* _Task details_:
Working through the data below, reproduce word for word the line with "Vibrant Easter illustration: blue" and every line after it, both ends included, and omit the pictures.

* _Stored data_:

###

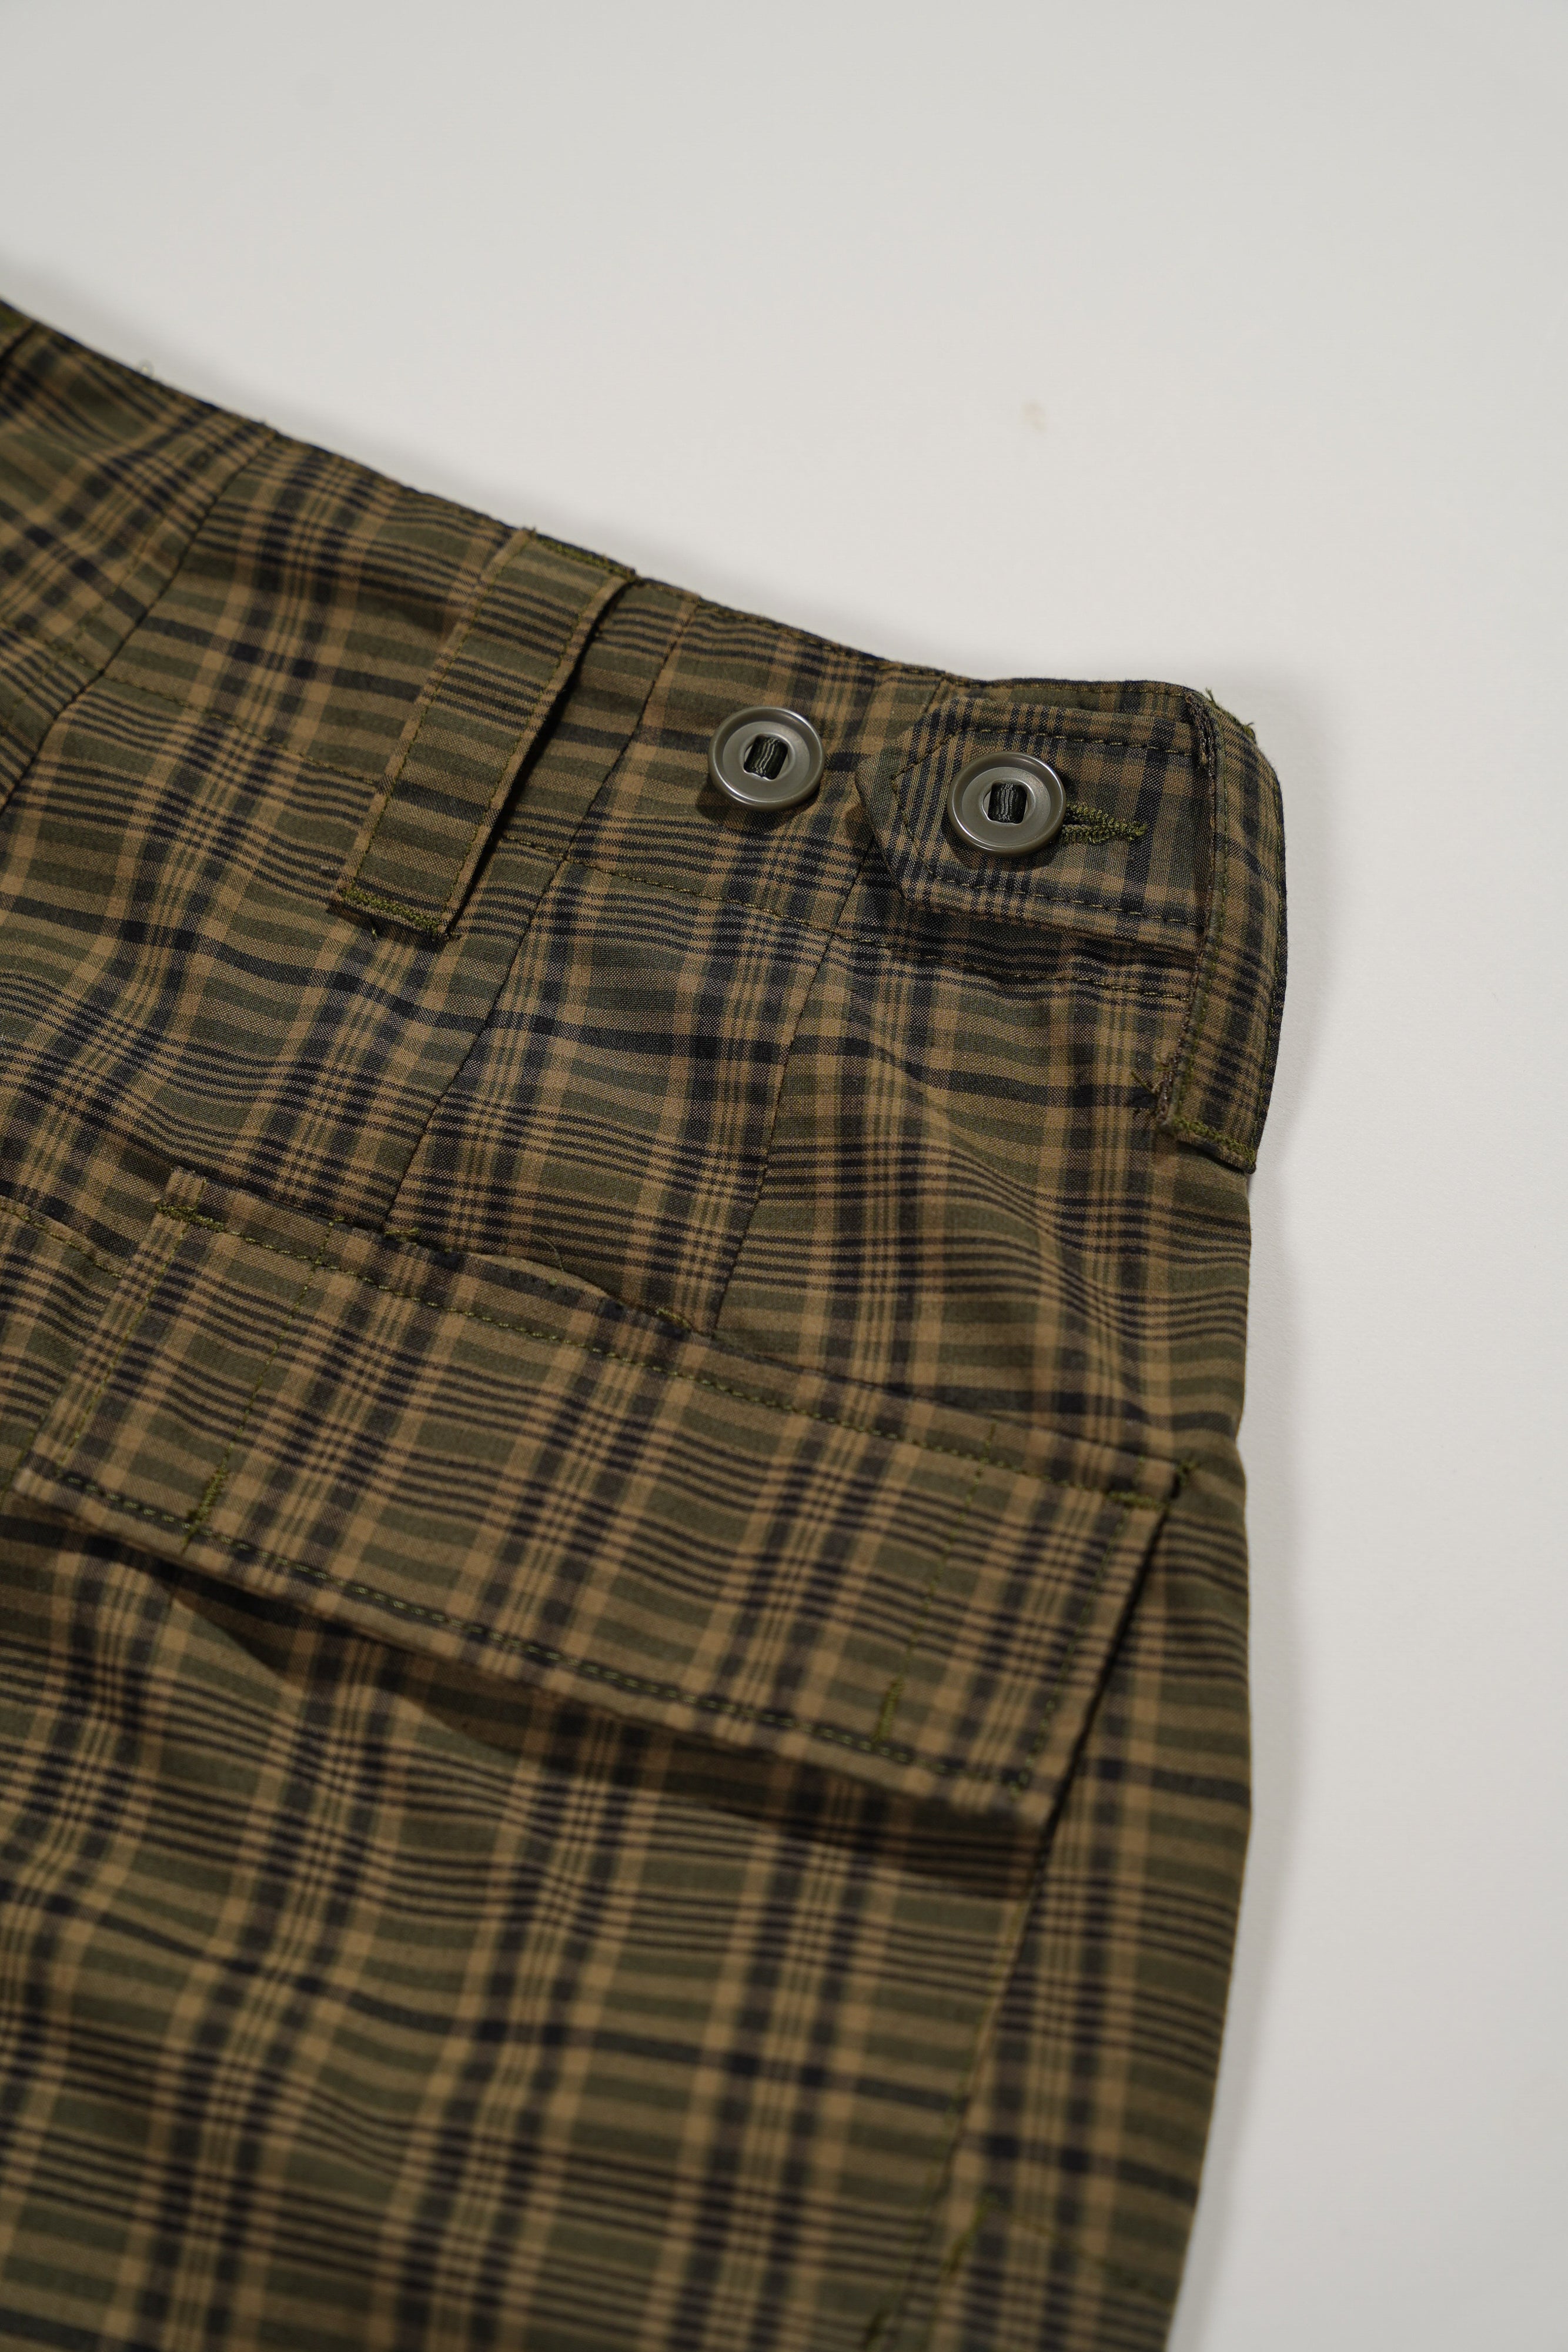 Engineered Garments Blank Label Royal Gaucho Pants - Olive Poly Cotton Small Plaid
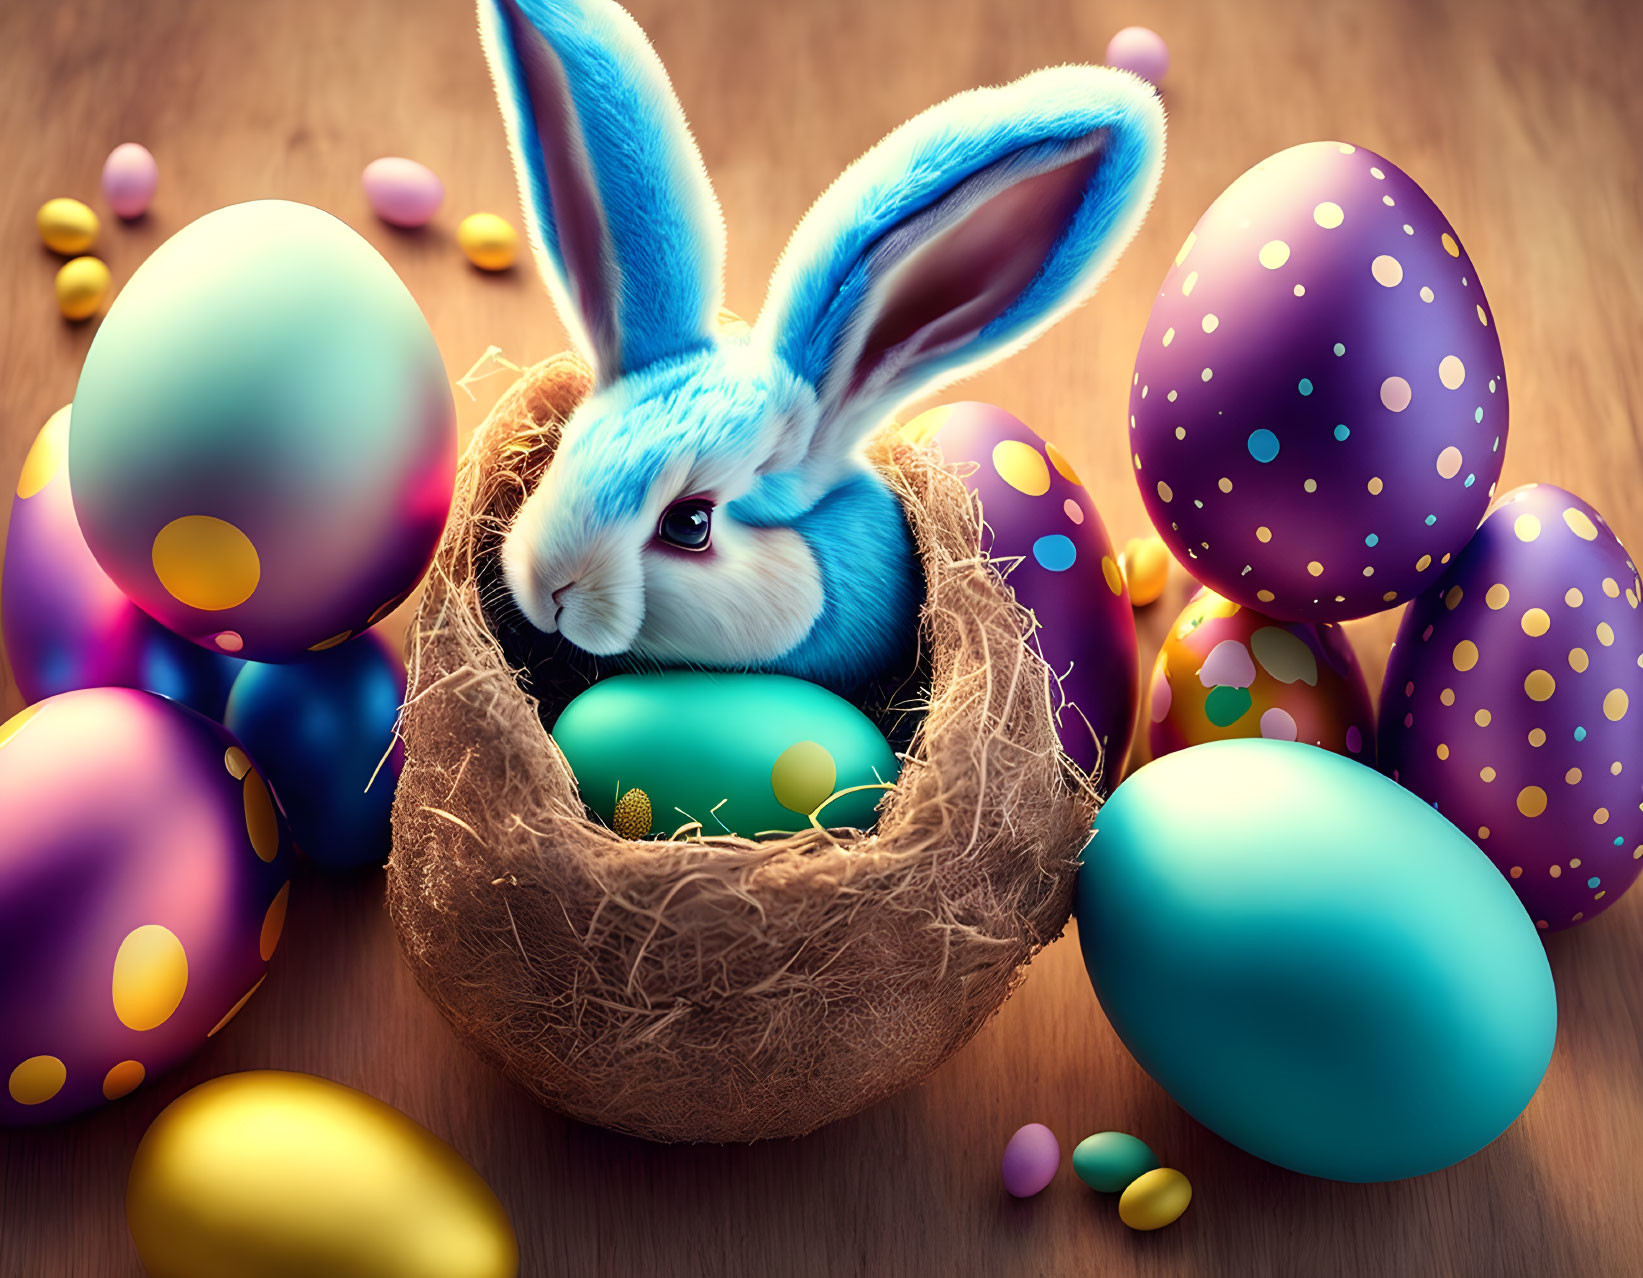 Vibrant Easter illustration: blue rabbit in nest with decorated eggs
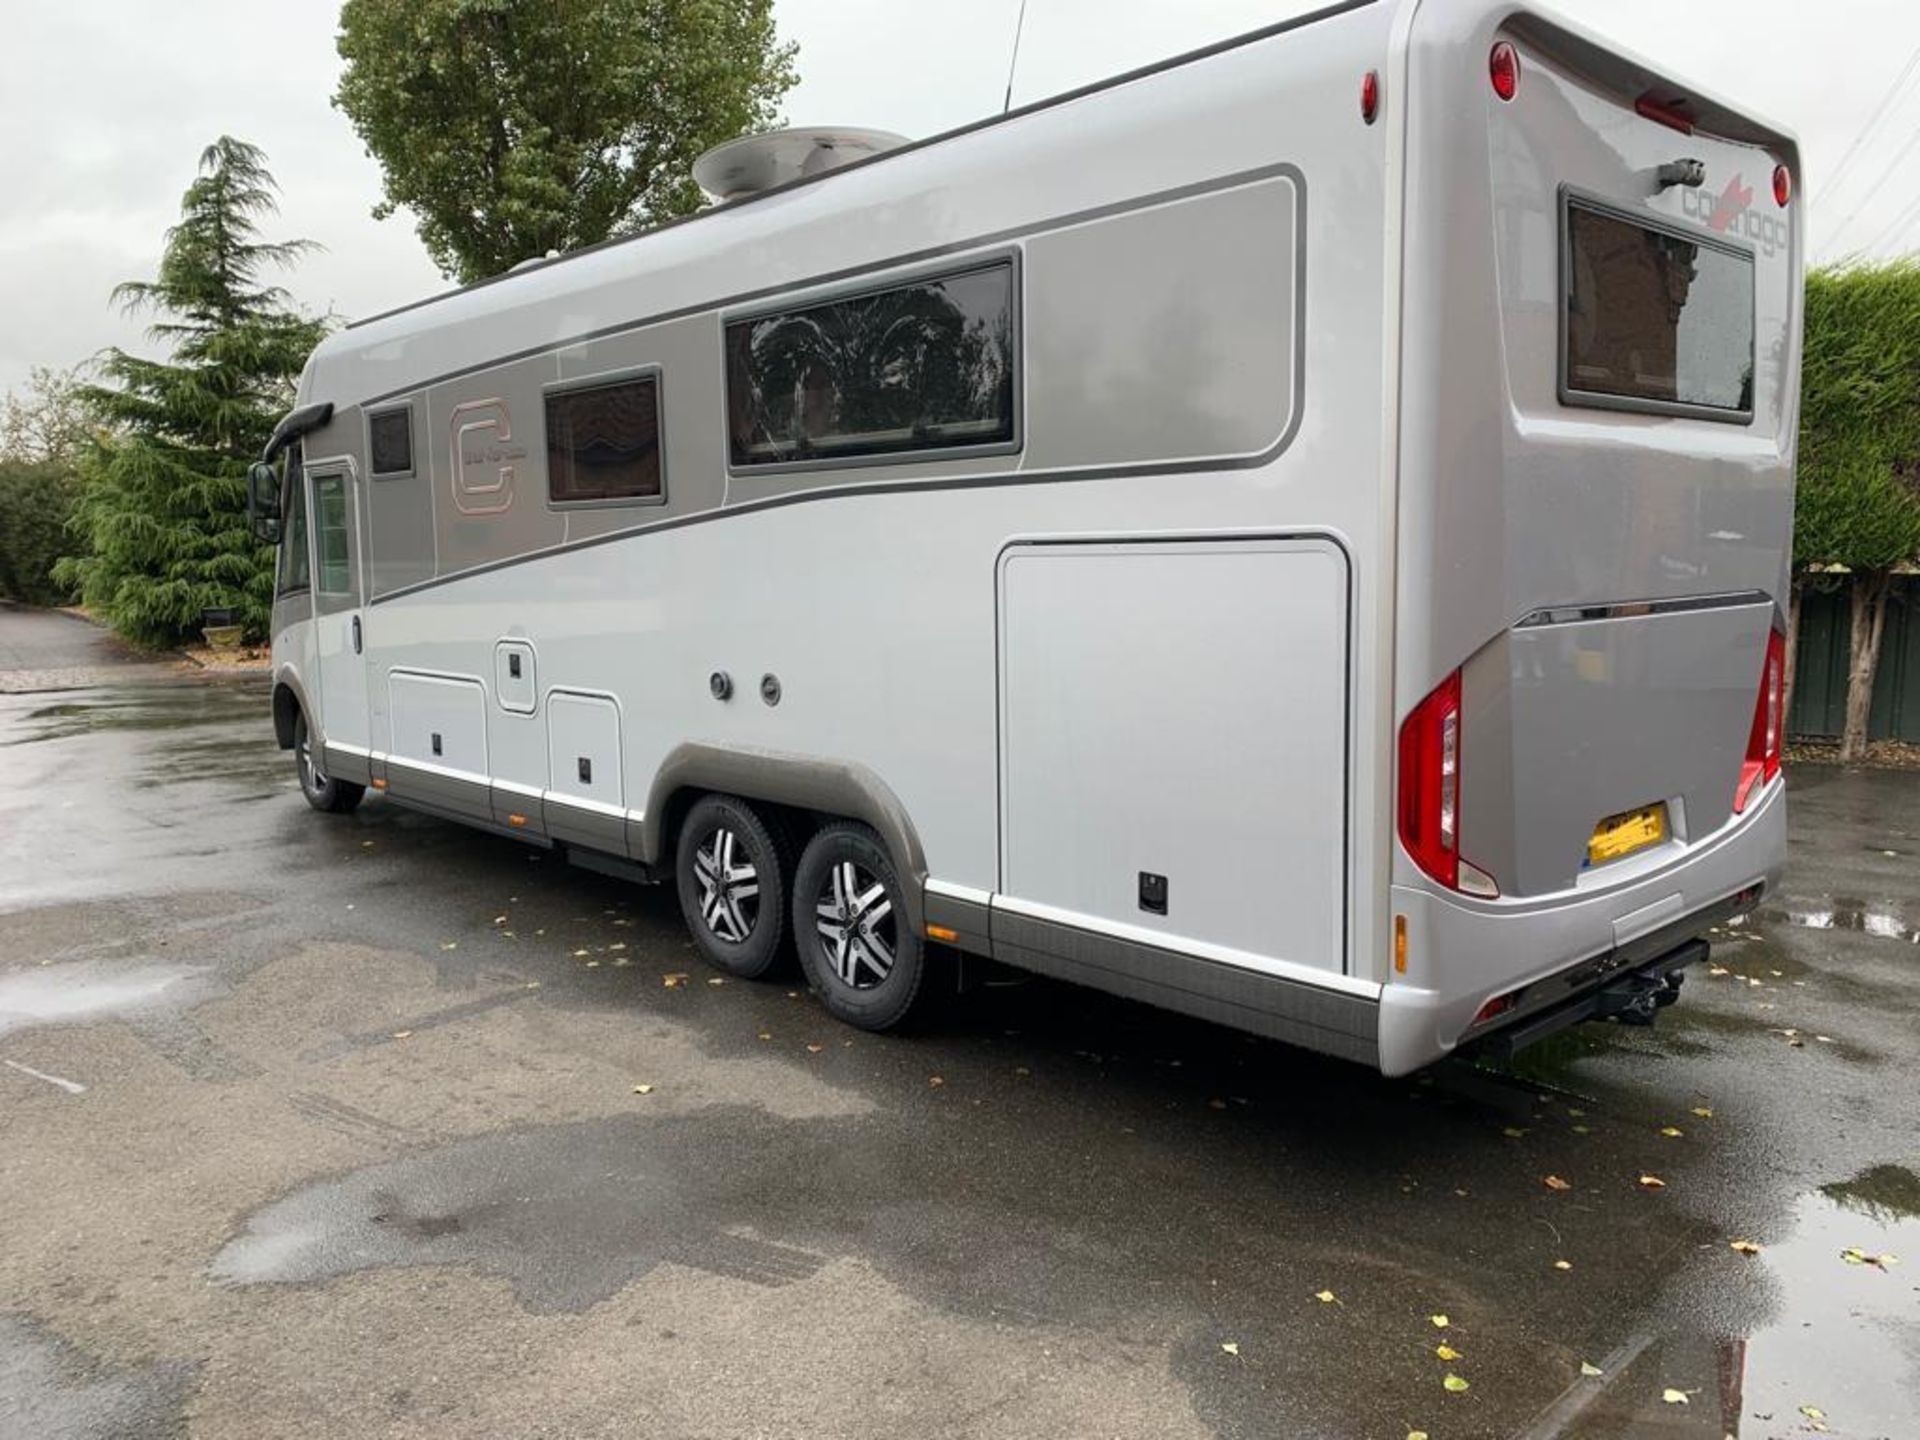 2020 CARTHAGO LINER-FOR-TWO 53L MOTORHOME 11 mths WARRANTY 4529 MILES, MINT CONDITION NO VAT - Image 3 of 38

###

* _Exercise response_:
 Vibrant Easter illustration: blue rabbit in nest with decorated eggs
 2020 CARTHAGO LINER-FOR-TWO 53L MOTORHOME 11 mths WARRANTY 4529 MILES, MINT CONDITION NO VAT - Image 3 of 38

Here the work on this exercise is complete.